╭─ Recorded data

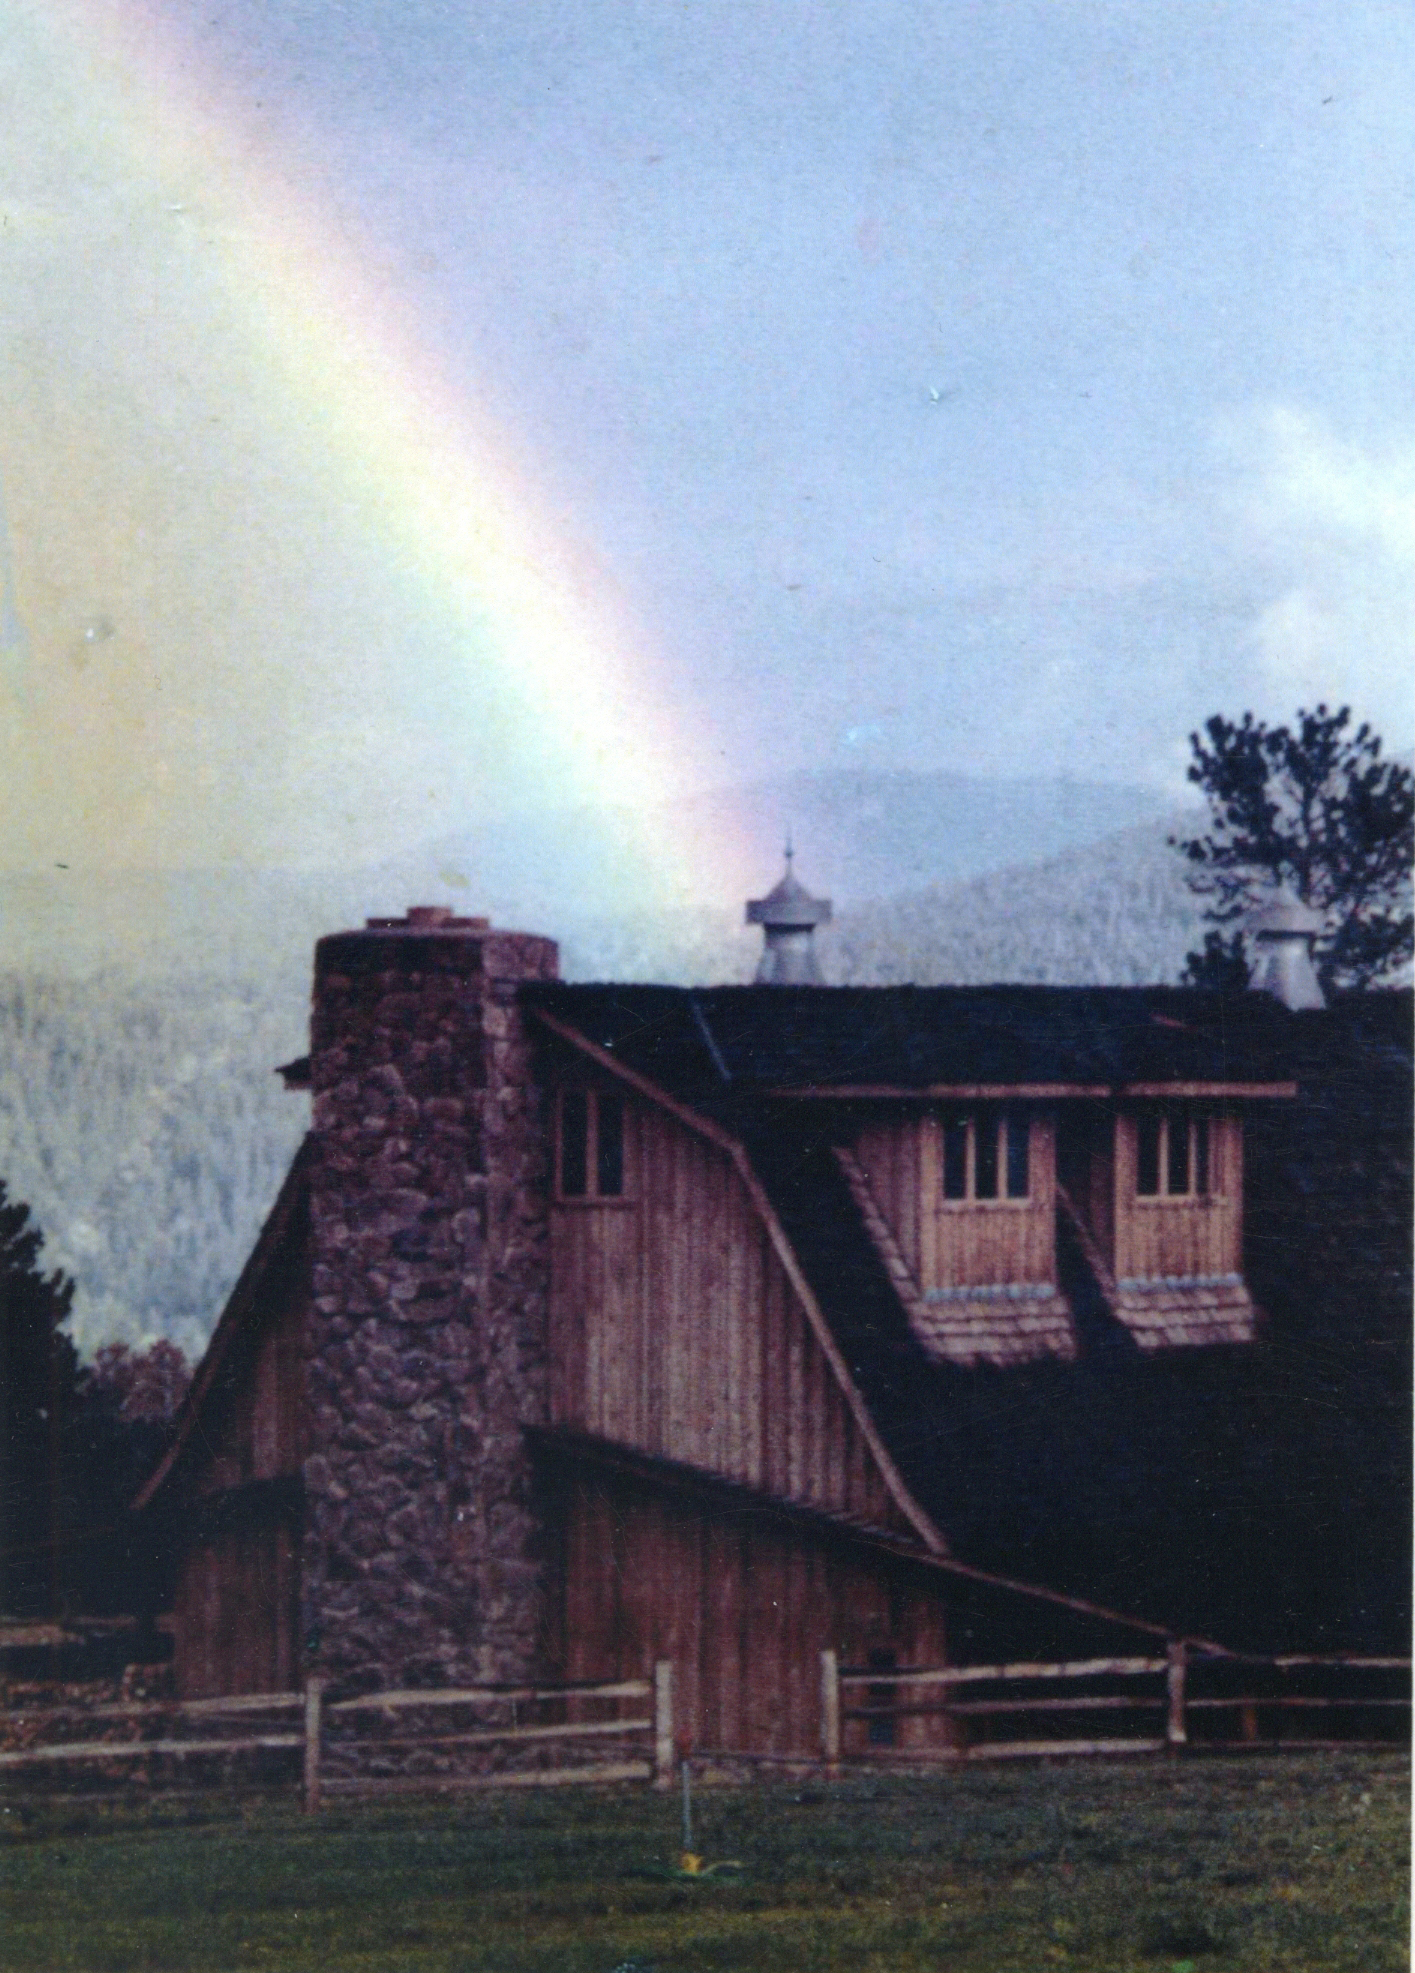 A rainbow stretches over Caribou Ranch in the mid-1970s.
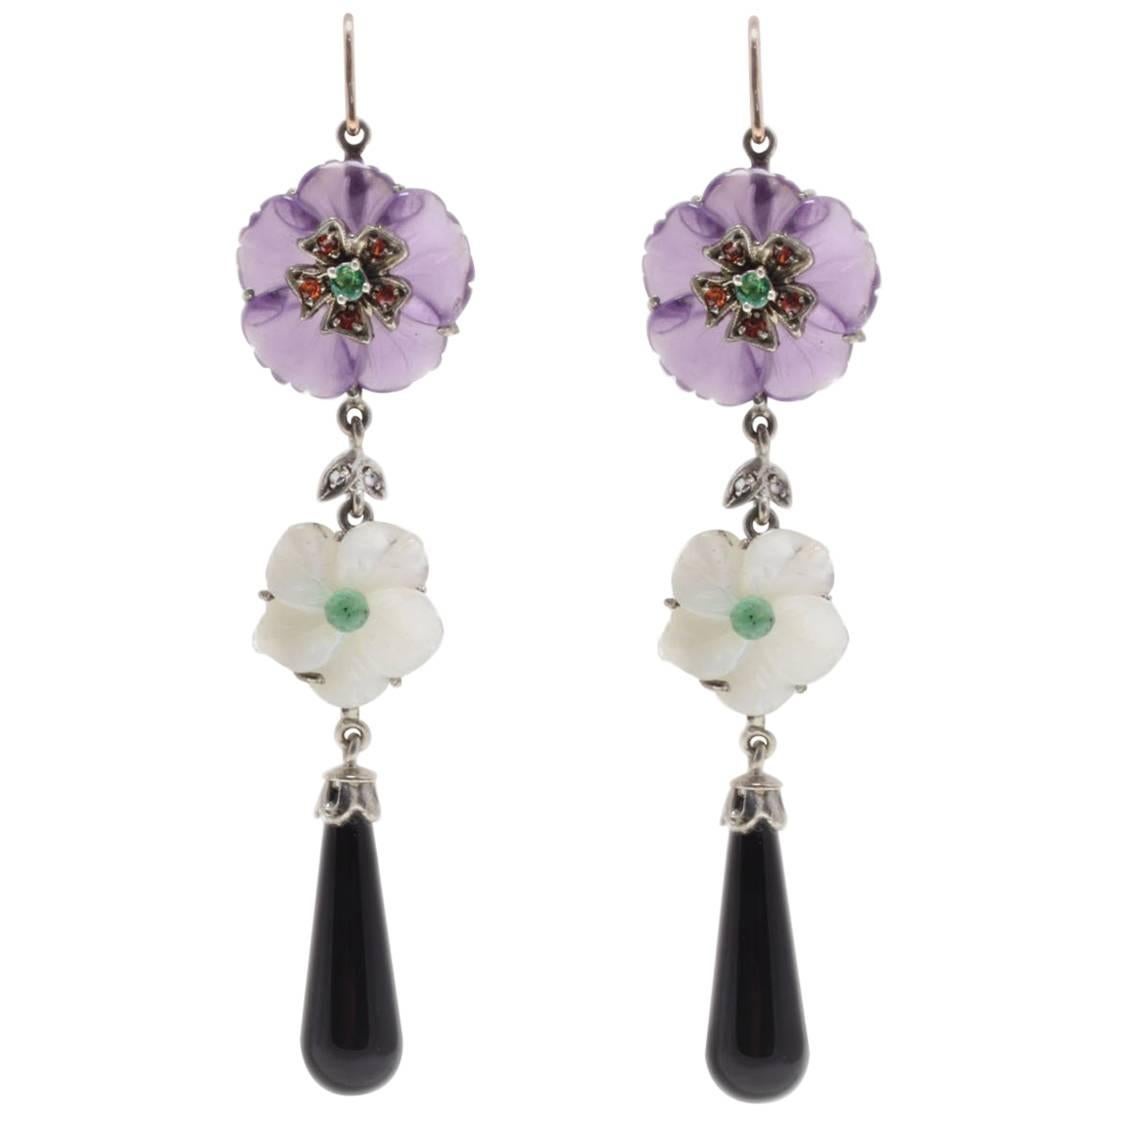  Amethyst, Onyx and Mother-of-Pearl Drop Rose Gold and Silver Earrings
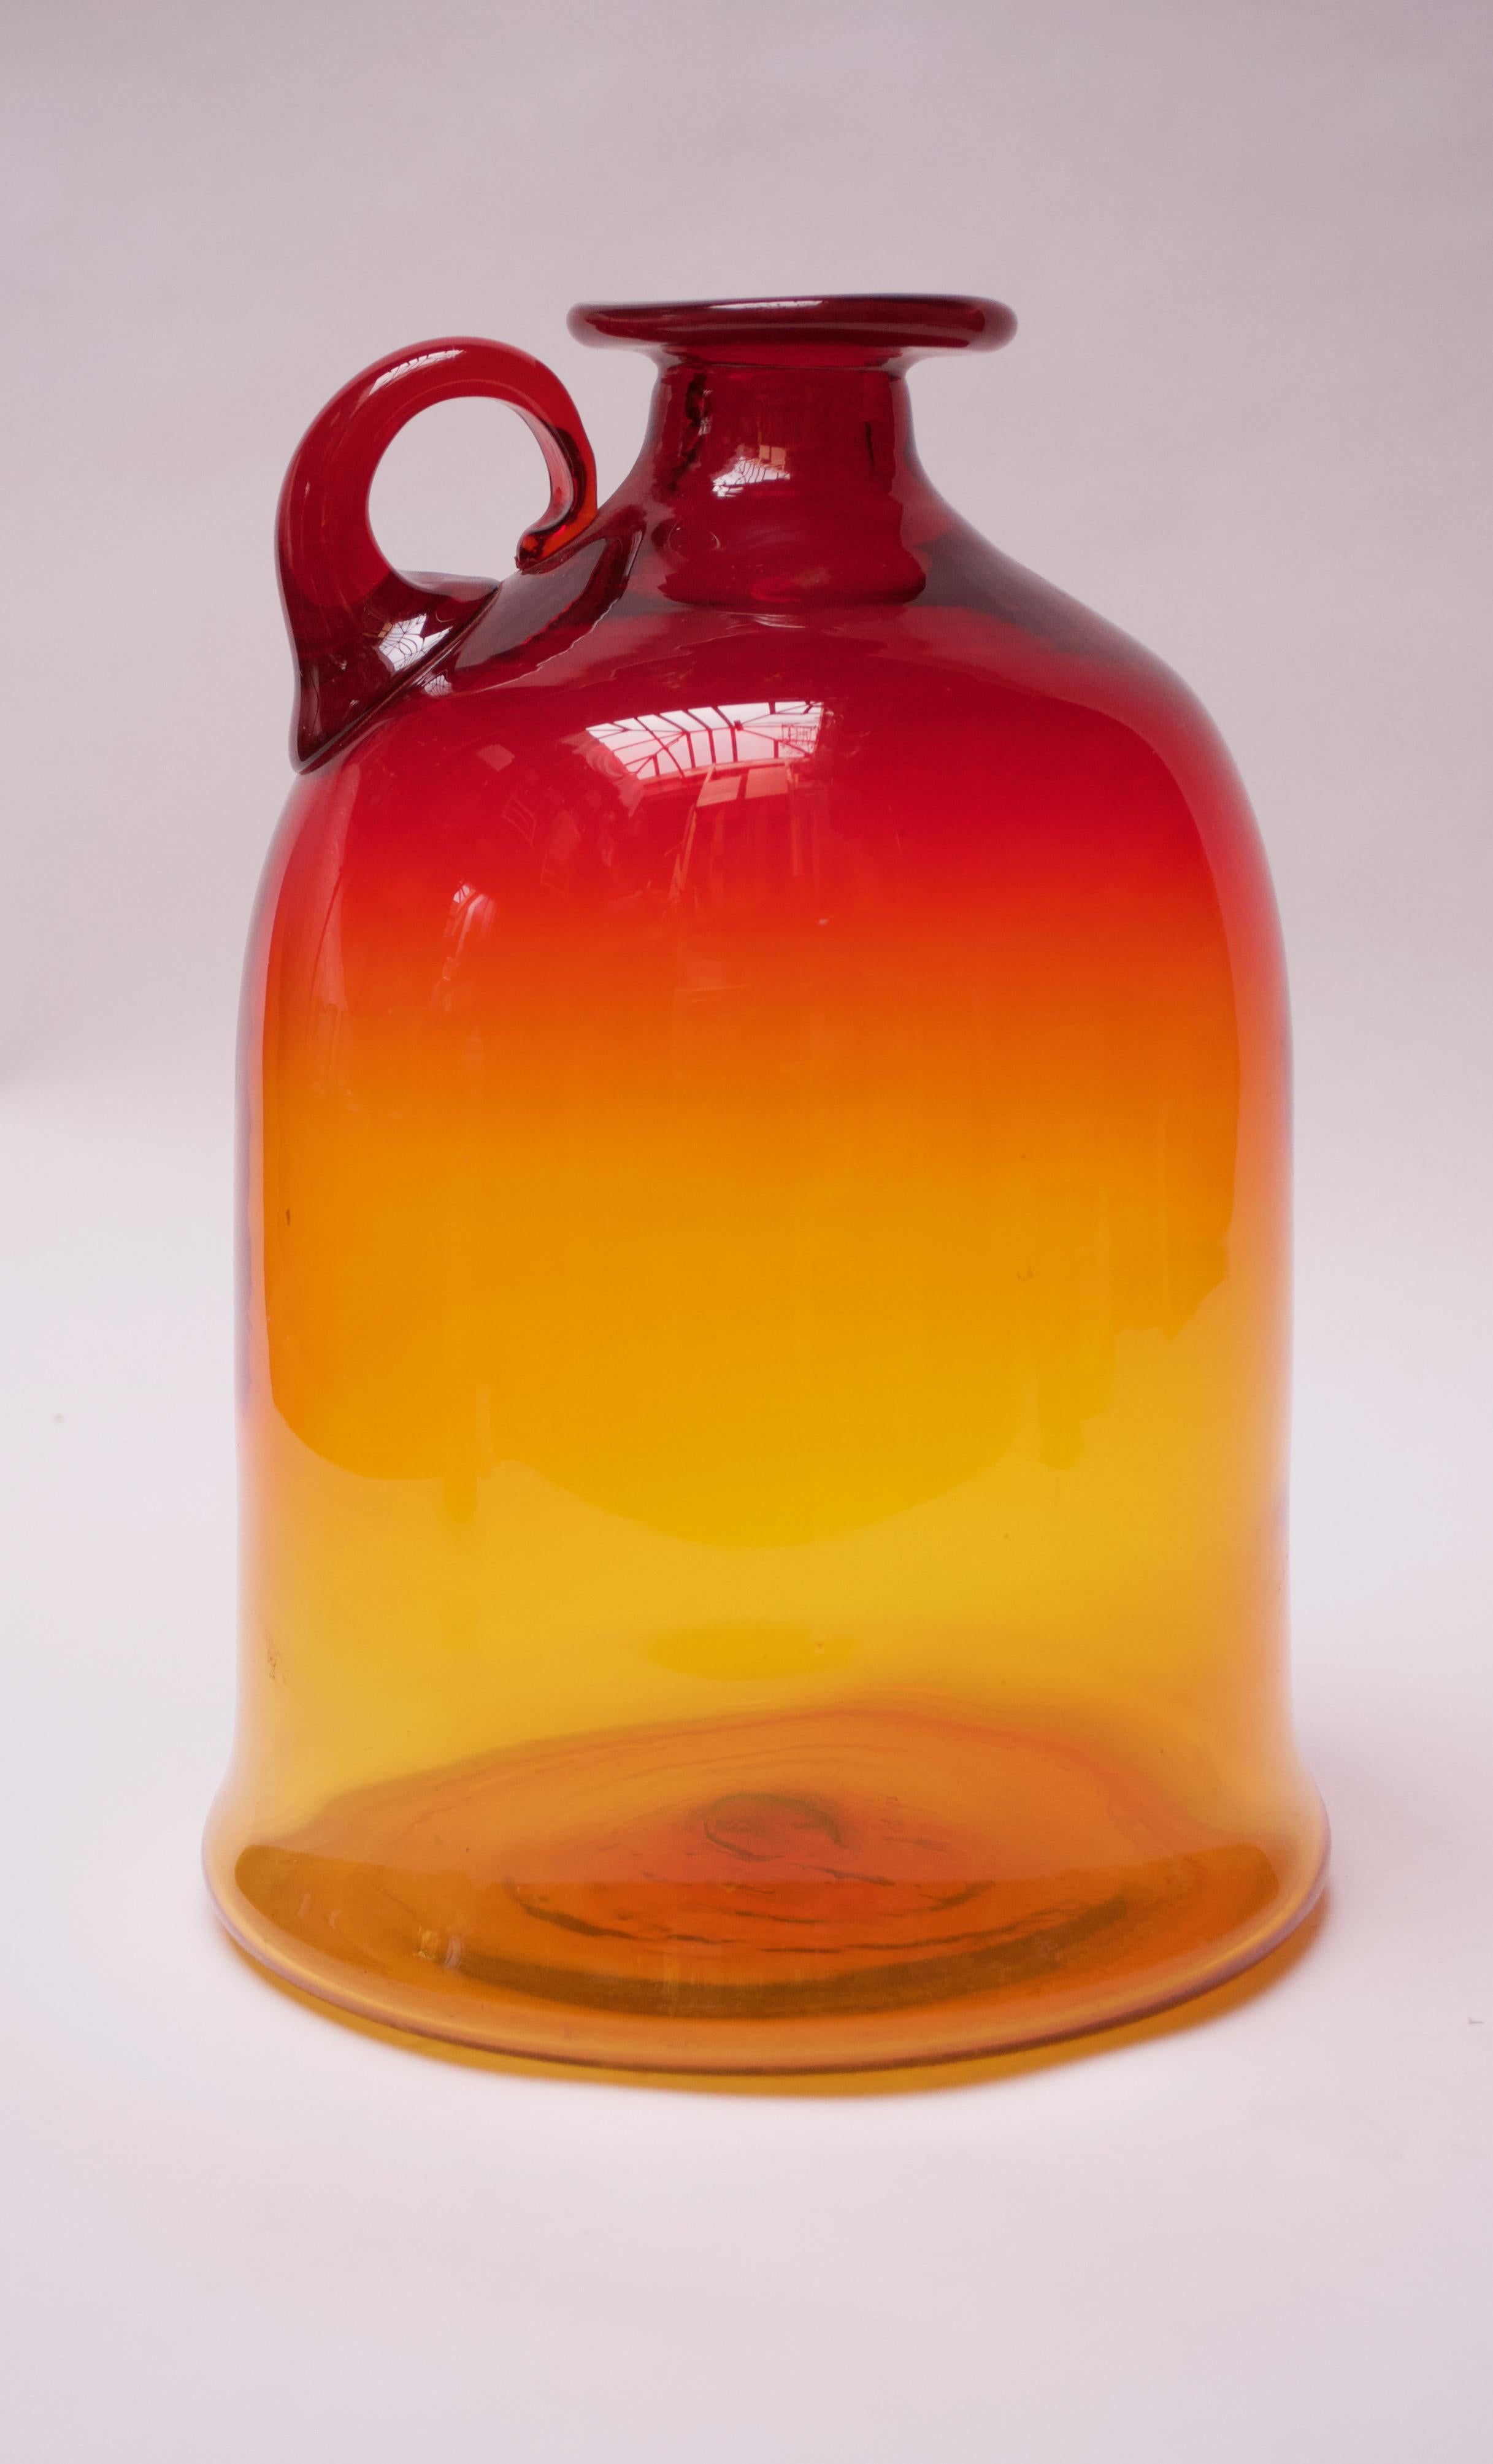 Blown glass jug designed by John Nickerson and manufactured by Blenko. This design first appeared in the 1972 Blenko catalog as model number 7226S. Large size and attractive amberina / tangerine palette with red and yellow meeting to produce an

╰─

Exercise details: Write the data above out exactly. Leave out any pictures.

Written solution:
 A rainbow stretches over Caribou Ranch in the mid-1970s.
  Amethyst, Onyx and Mother-of-Pearl Drop Rose Gold and Silver Earrings
 Blown glass jug designed by John Nickerson and manufactured by Blenko. This design first appeared in the 1972 Blenko catalog as model number 7226S. Large size and attractive amberina / tangerine palette with red and yellow meeting to produce an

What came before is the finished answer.